__TASK STATEMENT__. The listing, minus its pictures, is to be given again exactly.

__MATERIAL PROVIDED__.
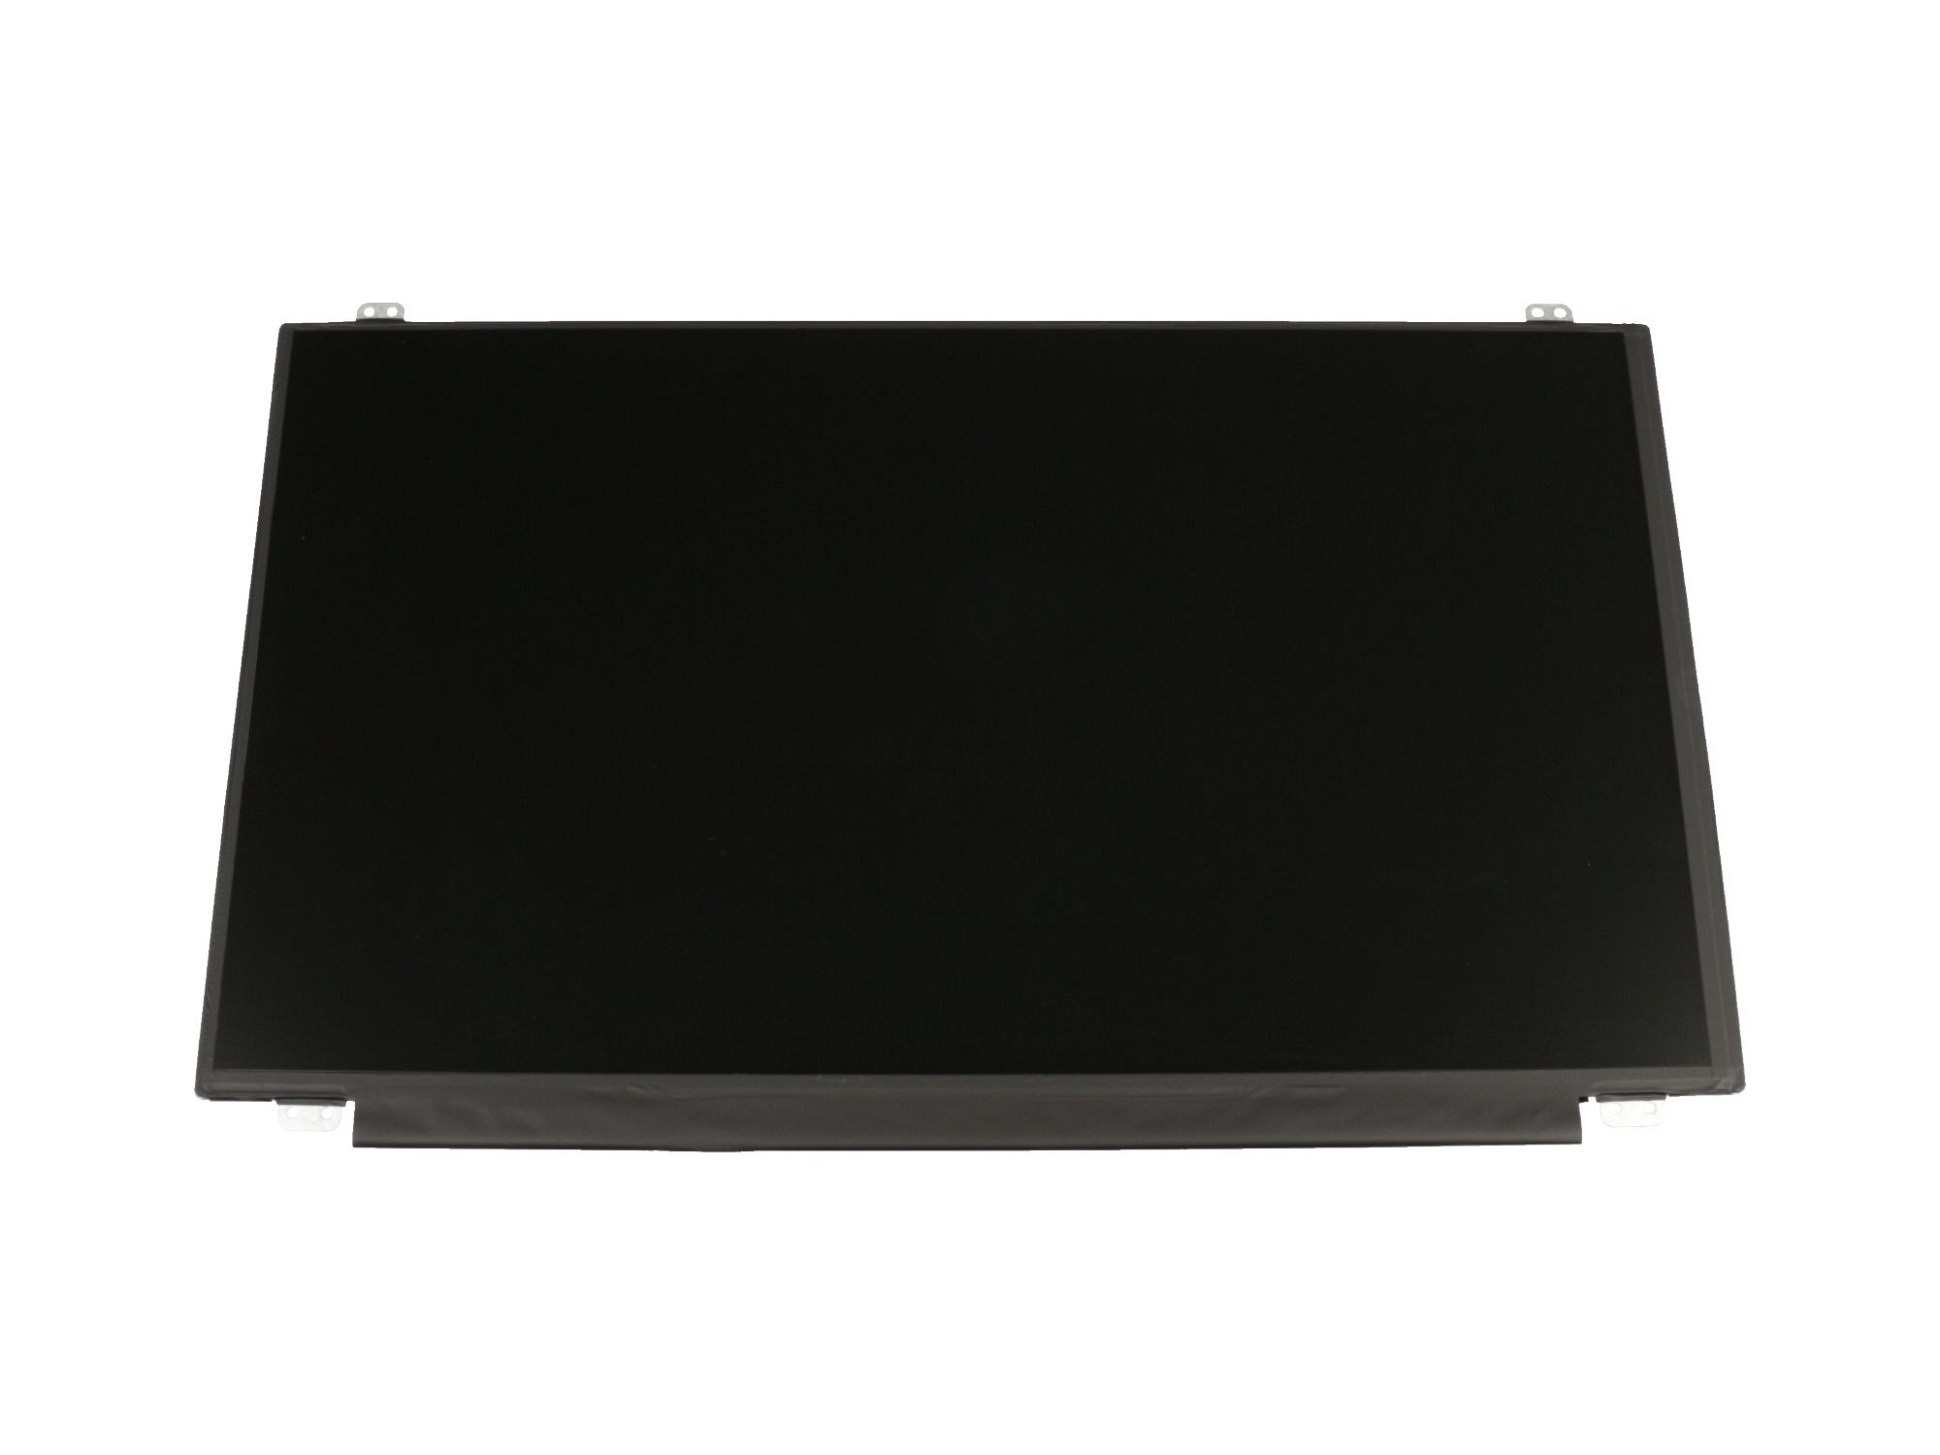 LG LP156WHU-TPBH Display (1366x768) matt slimline
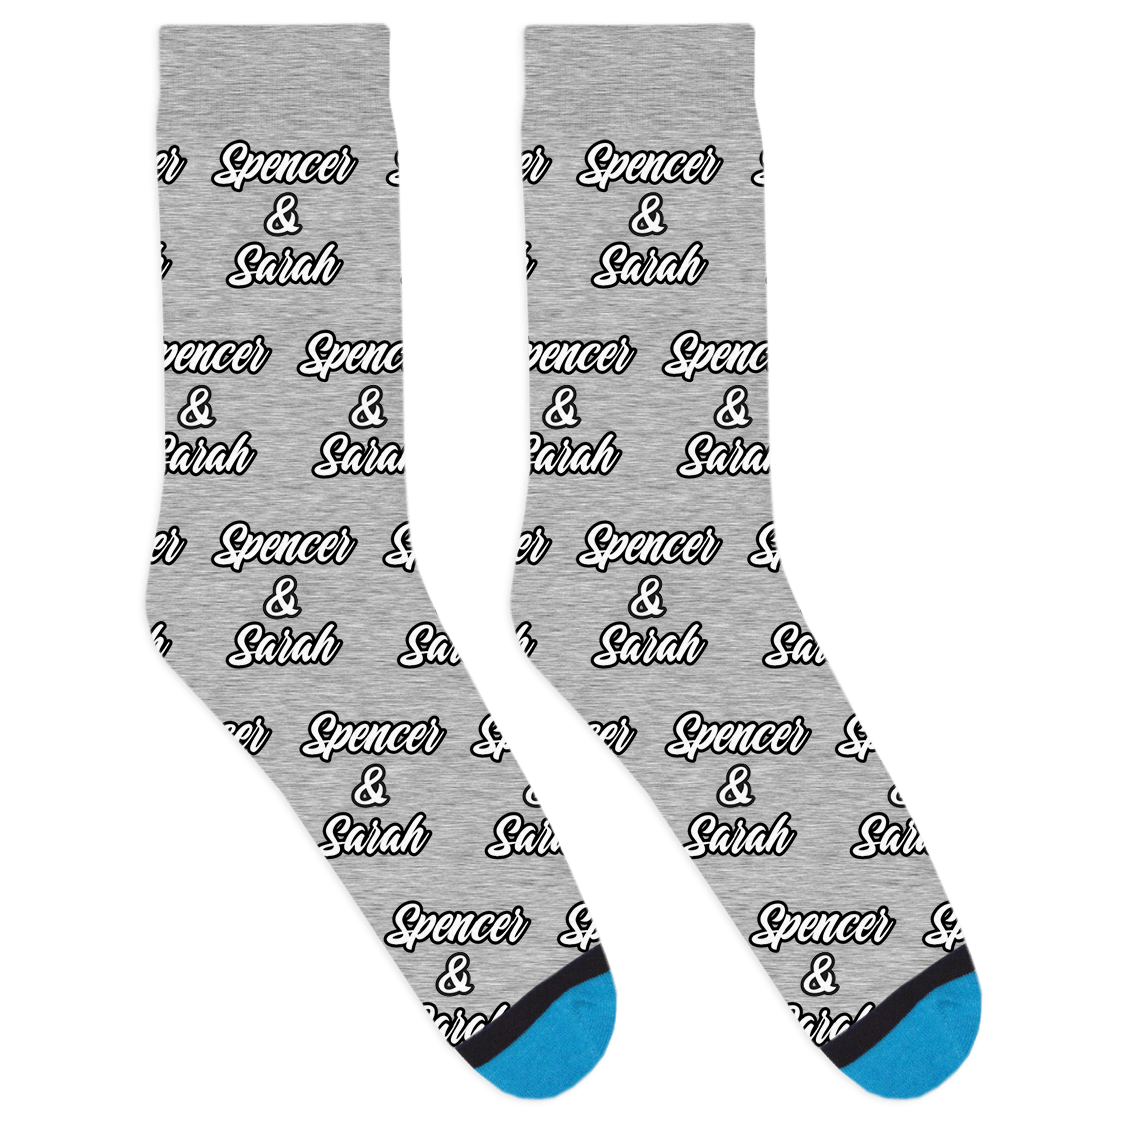 divvy socks
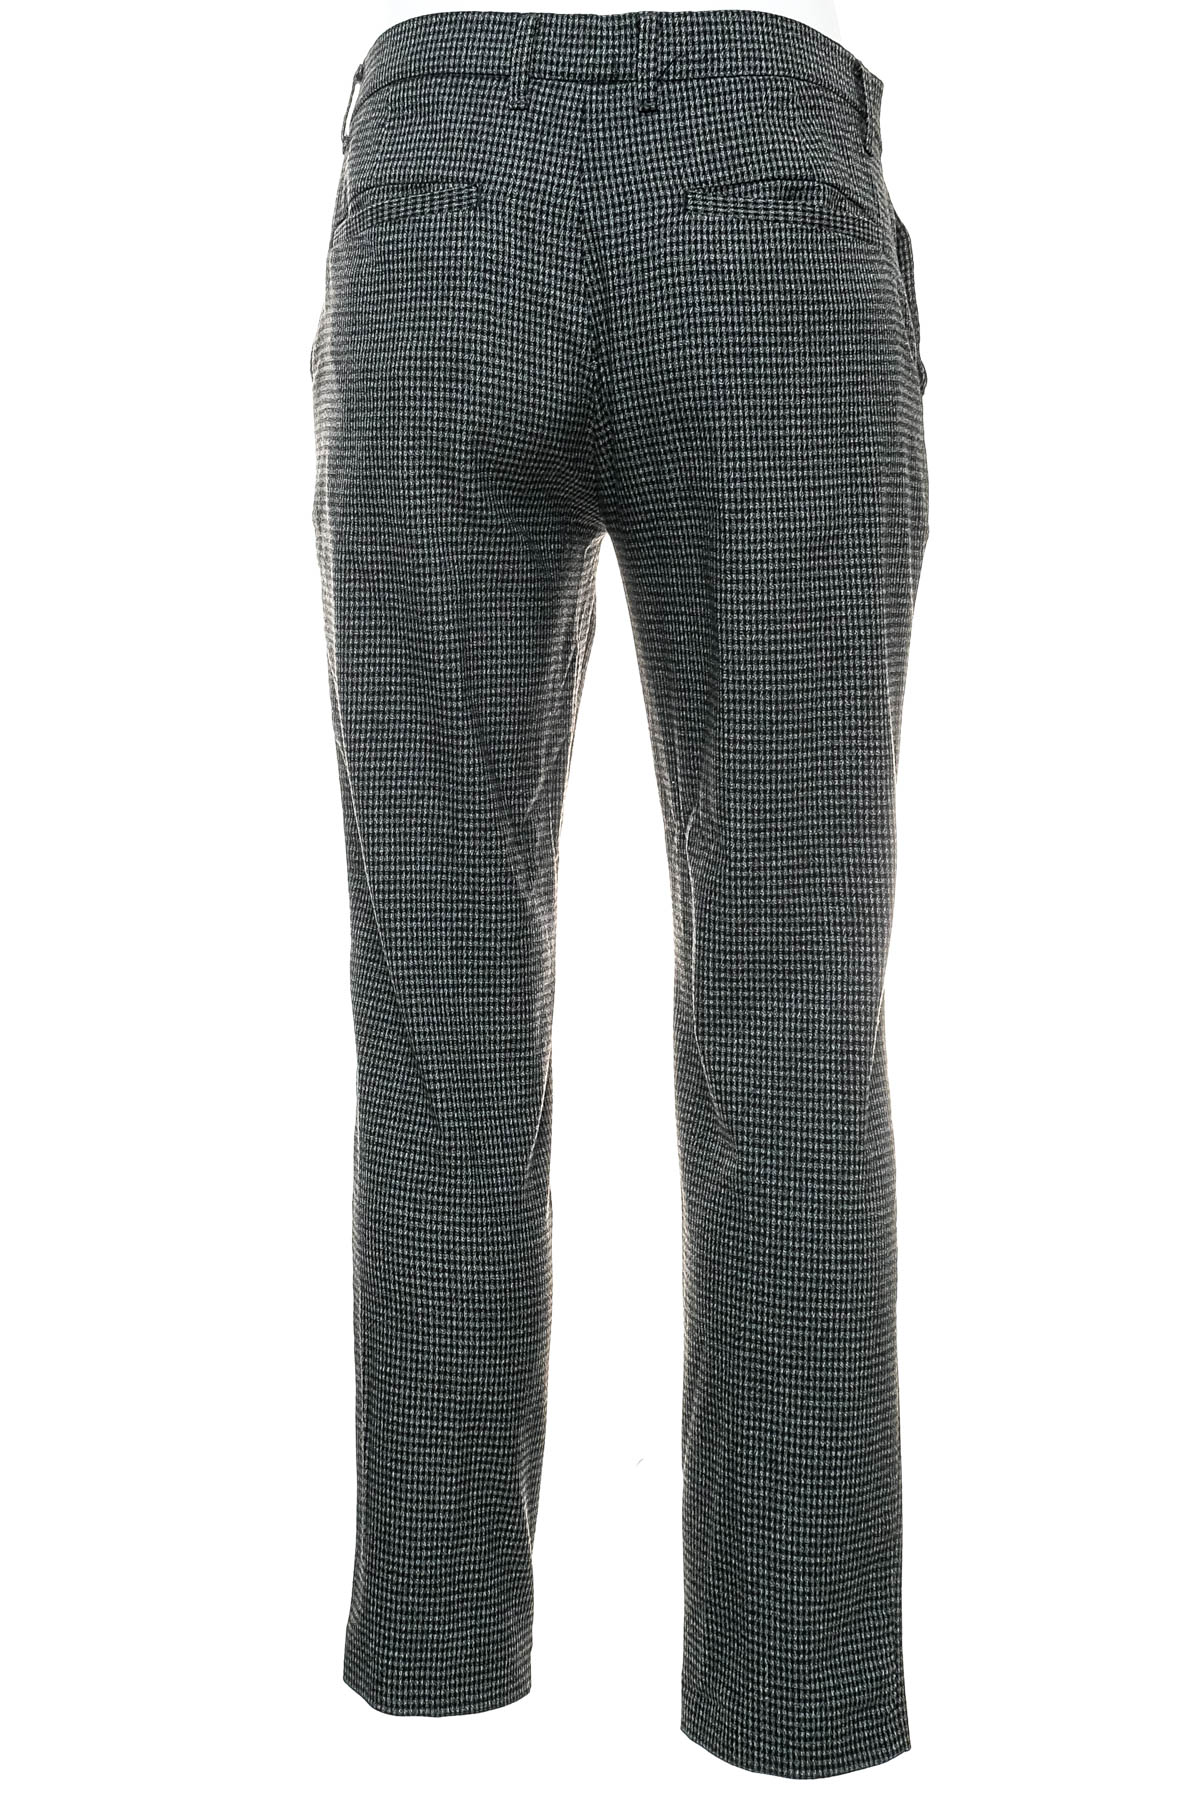 Pantalon pentru bărbați - Bershka - 1

__TASK RESPONSE__.
 LG LP156WHU-TPBH Display (1366x768) matt slimline
 divvy socks
 Pantalon pentru bărbați - Bershka - 1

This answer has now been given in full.